Terse Documentation
Everything you need to install, configure, and use Terse — the on-device token optimizer and agent monitor for macOS.
Table of Contents
Getting Started
Download and Install
Terse is distributed as a DMG file from GitHub Releases. Download the latest .dmg file for macOS, open it, and drag the Terse app into your Applications folder.
First-Time Setup
Terse is not currently signed with an Apple Developer certificate. On first launch, macOS will block the app. To open it:
- Open Finder and navigate to Applications
- Right-click (or Control-click) on Terse
- Select Open from the context menu
- In the dialog that appears, click Open to confirm
You only need to do this once. After the first launch, macOS will remember your choice and Terse will open normally.

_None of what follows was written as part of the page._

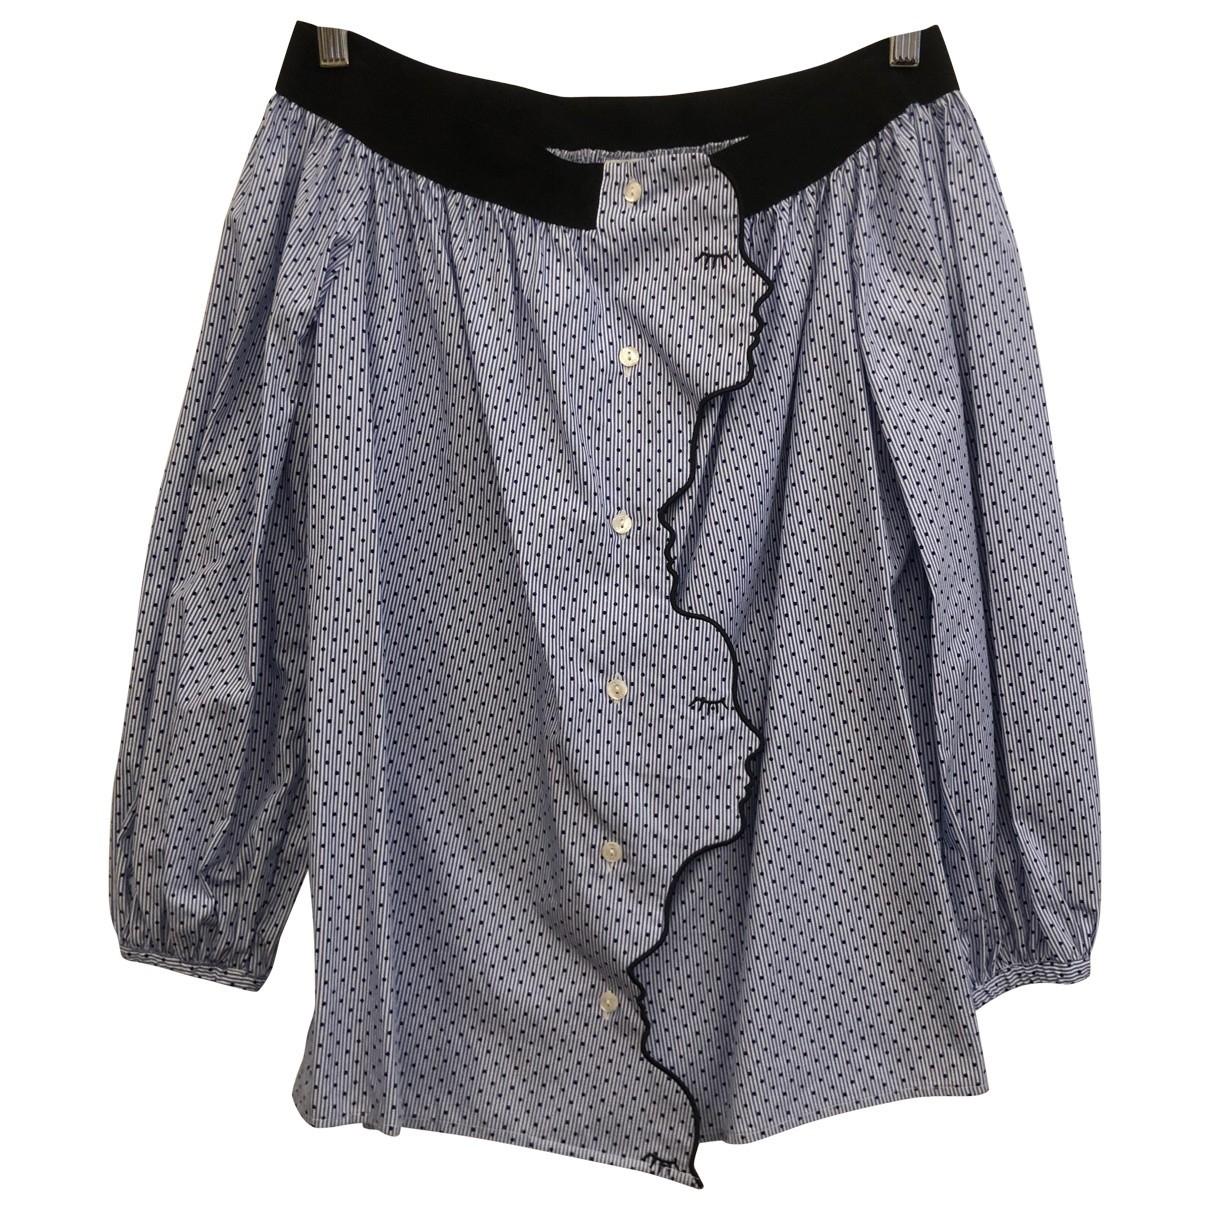 Vivetta - Top   pour femme en coton - multicolore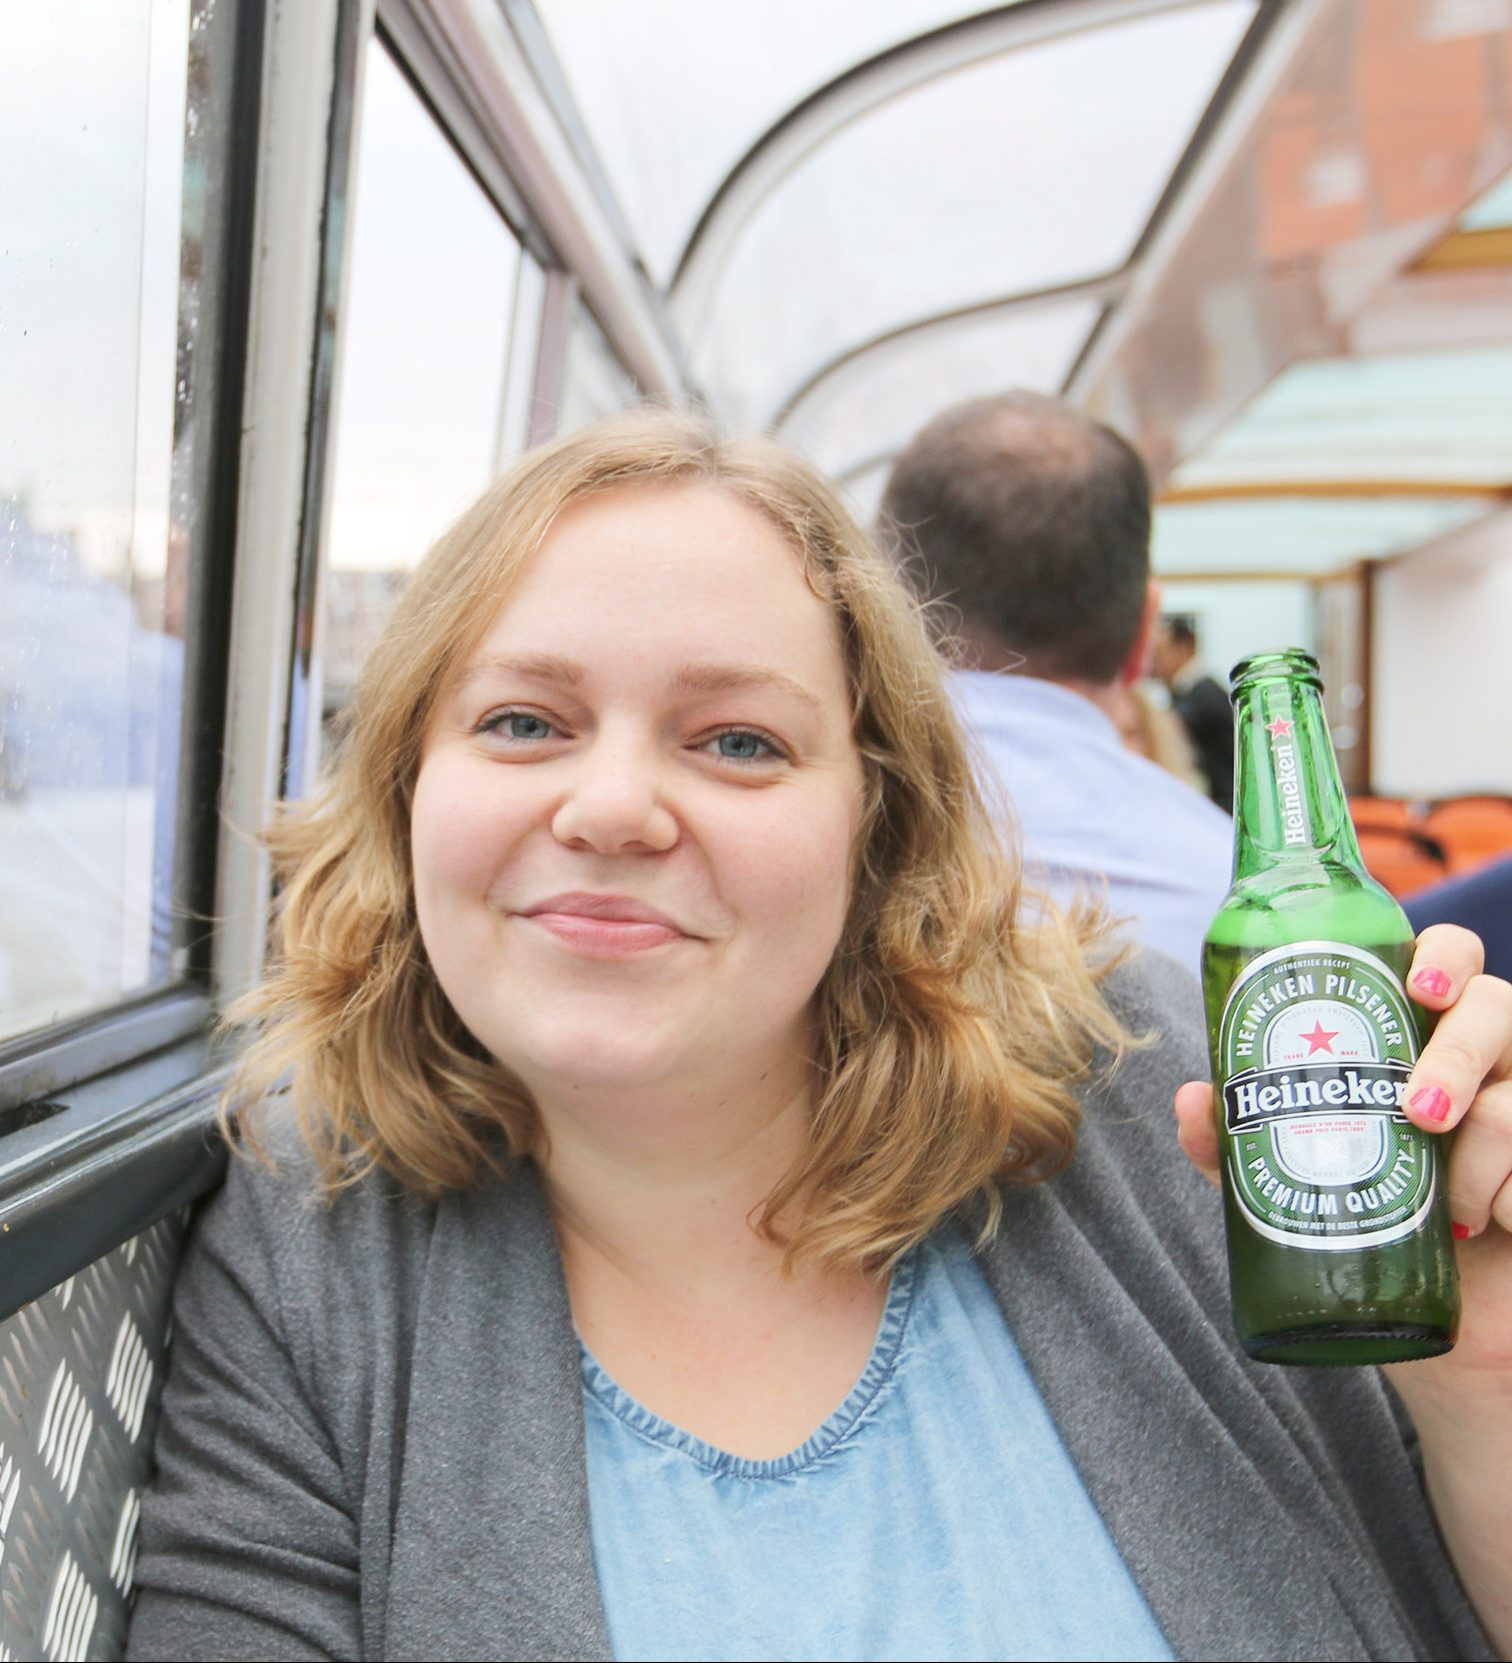 Grachtenfahrt Amsterdam Heineken

Grant Accessibility Permissions
Terse uses the macOS Accessibility API to read and write text in other applications. On first launch, macOS will prompt you to grant Accessibility access:
- Open System Settings → Privacy & Security → Accessibility
- Click the + button and add Terse
- Ensure the toggle is enabled
Without Accessibility permissions, Terse cannot read text from connected apps or write optimized text back. The optimizer will still work in manual copy-paste mode, but automatic capture and replace will be disabled.
How Terse Works
Terse runs as a lightweight macOS application with two windows:
The Main Window
The main window is a session manager that lists all connected applications. You can open it at any time with Cmd+Shift+T. From here you can add or remove sessions, view optimization statistics, and access settings.
The Popup Window
The popup is a floating bar that appears at the top of your screen when you focus a connected app. It shows live optimization stats, mode controls, and action buttons (Capture, Replace, Copy). The popup uses alwaysOnTop rendering so it never steals focus from your active application.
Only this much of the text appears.